Anarchism is not a rude word for law breakers but an ancient and glorious social philosophy, advocating that justice and equality will be achieved by canceling the state and replacing it with voluntary arrangements among people. It also says social harmony will not be achieved by surrendering and obeying the orders of the state, for it is a bullying instrument of control in the hands of minority ethnic and class groups.

Anarchism, or "constructive socialism," was a term in the foundation of the cooperative, as opposed to the Marxist stream of the kibbutz, and therefore has a place in the history of the Zionist enterprise. The ideology of the kibbutz, as a voluntary social cell that will aspire to replace the alienated, coercive state, was frontally attacked by David Ben-Gurion, who raised the "statism" banner, and since then "the state" has become Israel's secular religion.

Anyone who dares to imply that there is nothing sacred in a bunch of bureaucrats who assumed power and wrapped it in a mystical mantle of power, and that there is no meaning to the definition "Jewish state," as there is no meaning to the concept "a Jewish airplane," any heretic who denies this will be placed before a virtual shooting squad (and possibly a tangible one as well) as a traitor or "terrorism supporter."

The test of loyalty is unconditional obedience to any decision taken by those "authorized by law," and democracy means the dictatorship of the majority.
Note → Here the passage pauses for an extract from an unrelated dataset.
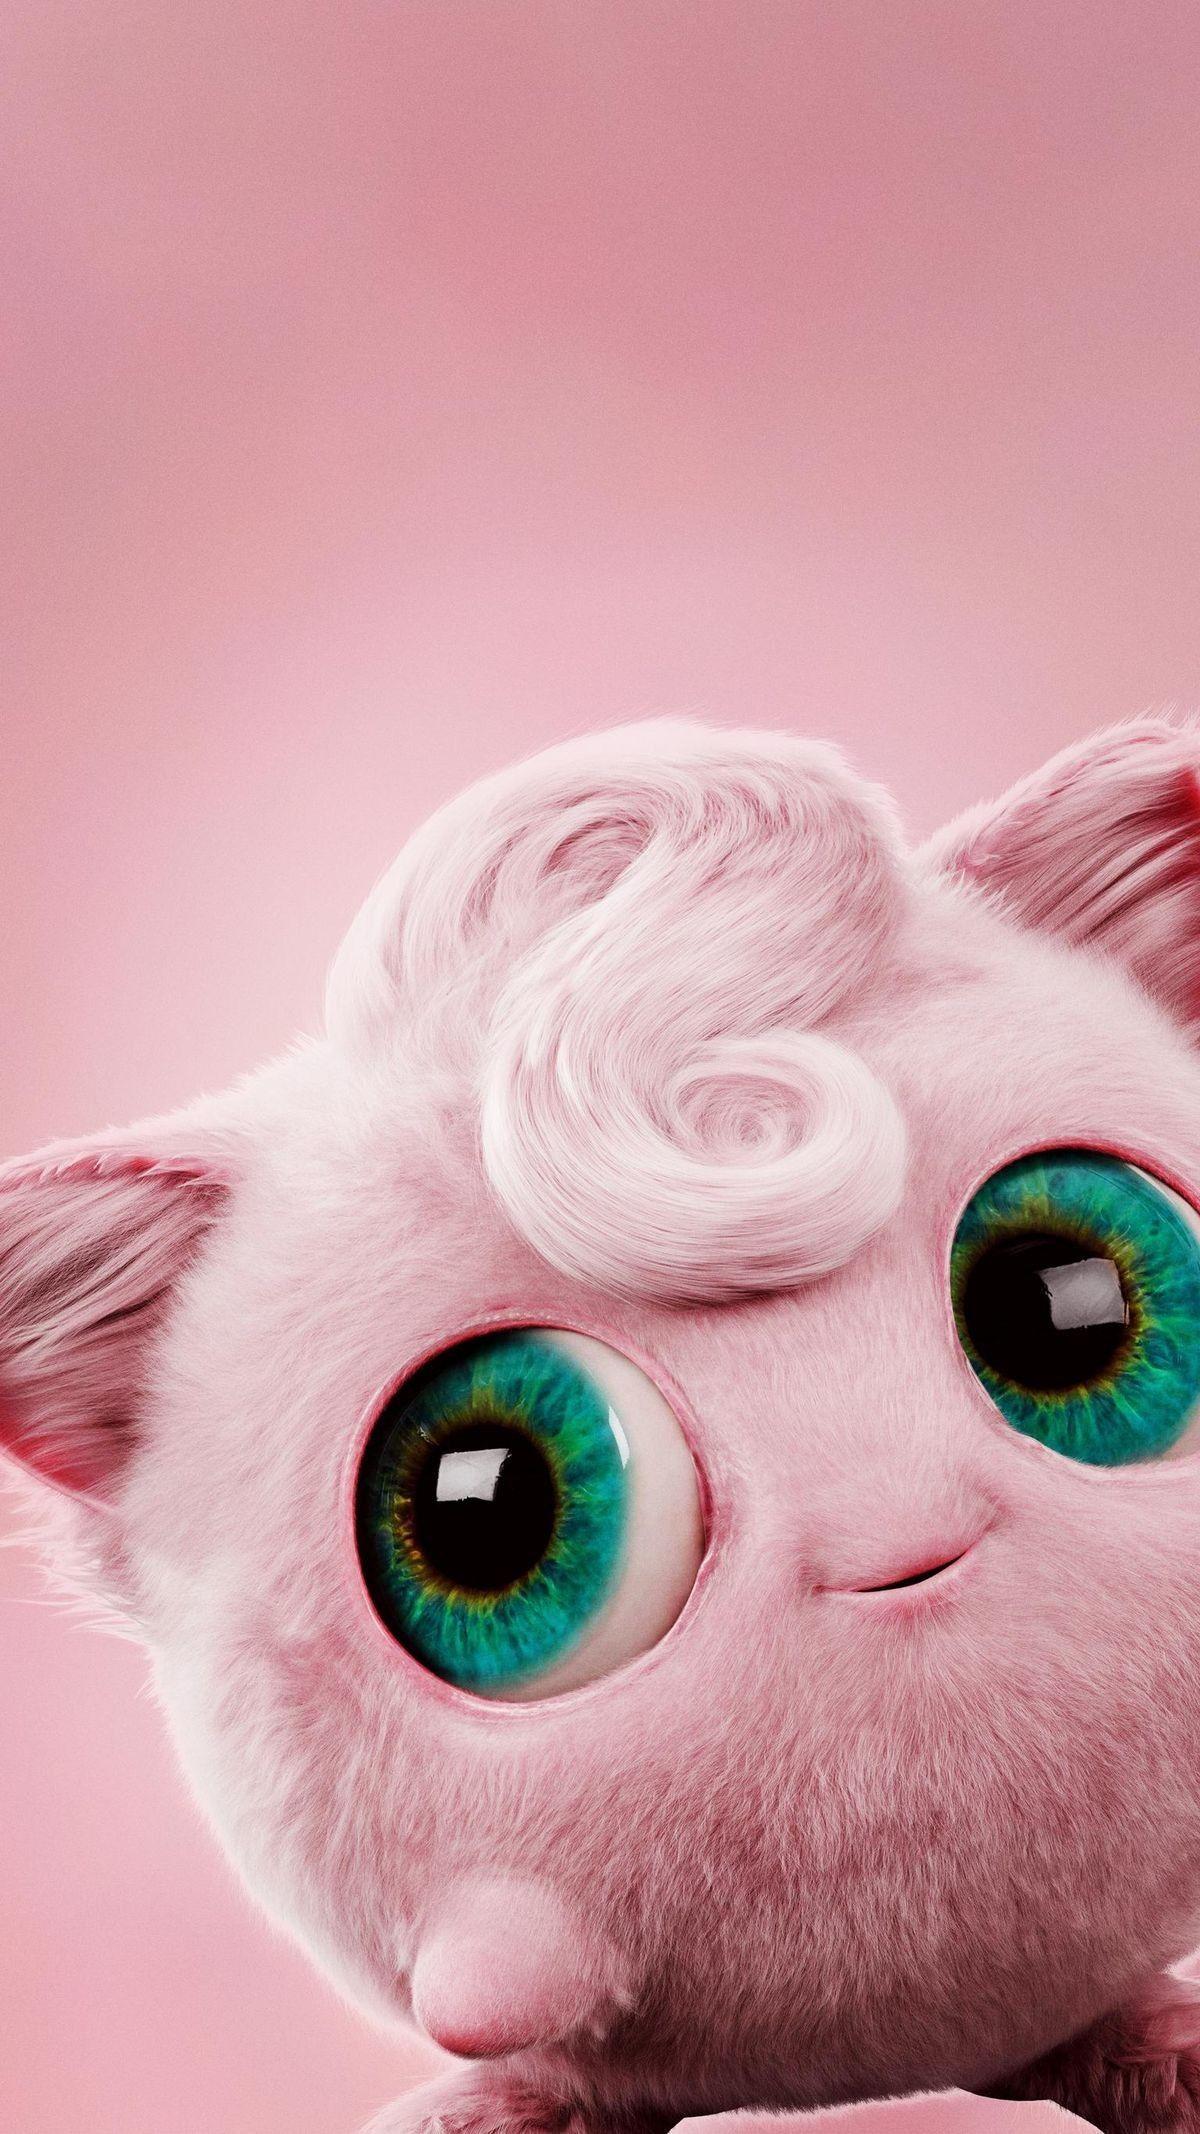 Pin By Sonu Jssr On O Wallpaper Iphone Cute Cute Disney Wallpaper Hd Cool Wallpapers

Whoever wishes to claim the right to refuse - because democracy also means defending the rights and beliefs of the minority - is branded as a law breaker. Anyway, everyone is an expert in defining "a patently illegal order," and everyone is preoccupied with whether the law may be violated for conscientious reasons "if one pays the price." As if obedience to the law is the supreme social test rather than the moral and social values inherent in the law.
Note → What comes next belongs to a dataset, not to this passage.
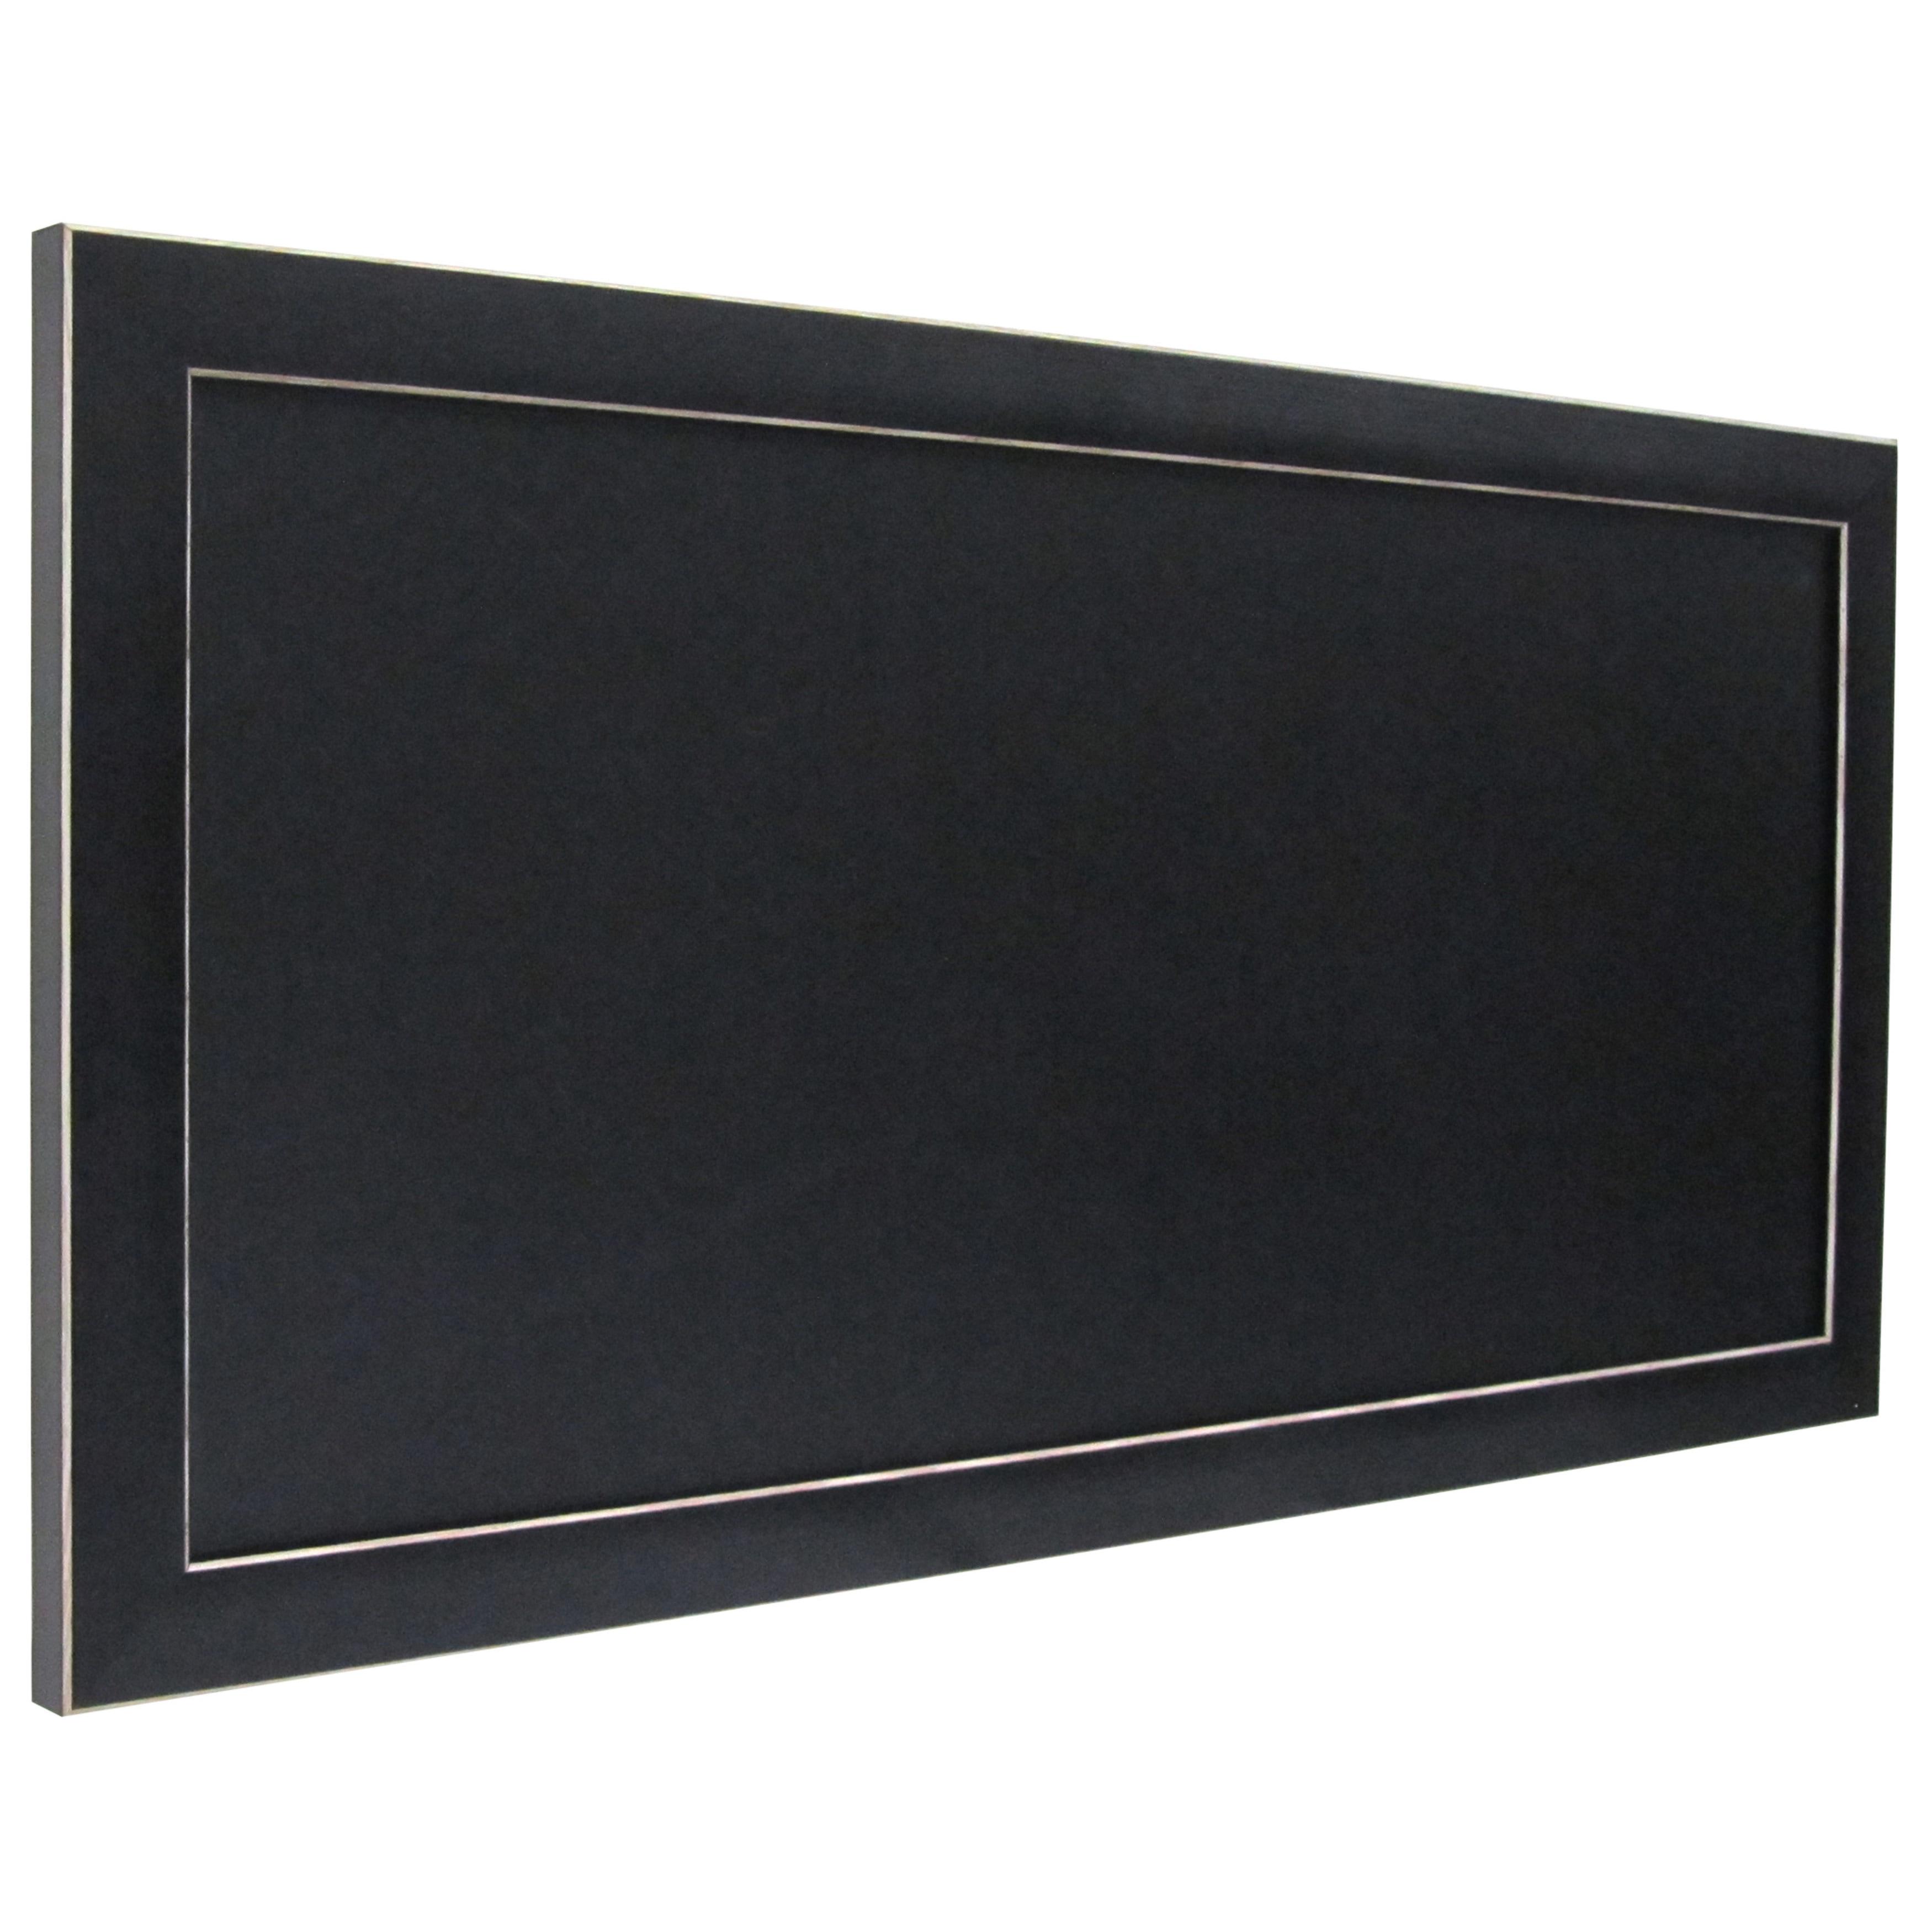 Black Framed Magnetic Chalkboard On Free Shipping Orders Over 45 11964472

"The rule of law" is placed as an ideal that binds all, without distinguishing between "the rule of law" as a concept encompassing universal social values, just and moral, and "the rule by law," which is nothing but a system reflecting changing and sometimes corrupt interests, that are legislated in the Knesset.

Everyone bows their head before the parliament and its members, who are pompous with self-importance and unashamed to make cynical use of this awe. The finance minister readily condemns the Histadrut chairman as one who "undermines the foundations of democracy," because he dared object to a Knesset law, as though it were the 10 Commandments instead of a non-democratic law that passed with a meager majority.

The awe of power, the cynicism and the confusion between the "rule of law" and "rule by law," all culminate in the occupied territories. There, because of a judiciary fiction that is convenient to the occupying power, every general is defined as a "sovereign" and issues "ordinances" determining the way of life of millions of people, without being subject to any effective control system. On the face of it, the High Court of Justice has judiciary control of what goes on in the territories. However, its influence is marginal, and anyway the Israeli High Court's status in the occupied territories is questionable, and the issue does not arise only because nobody raises the question. The "military ordinances" accumulated over two generations to thousands have created a fiction that the settlements, outposts and entire judiciary system conducting the lives of hundreds of thousands of settlers is legal. One can therefore argue about the "legality of outposts," about the "validity of zoning plans" and other legal affairs that camouflage, with a screen of paper, documents and maps, the overpowering fact that this system is patently illegal.

After two generations of occupation, the precarious basis of the legality of the occupation power has been forgotten, and everyone takes the "legality" or illegality of the outposts seriously. So it won't hurt to have a little bit of anarchy, that shouts out: "The emperor is naked."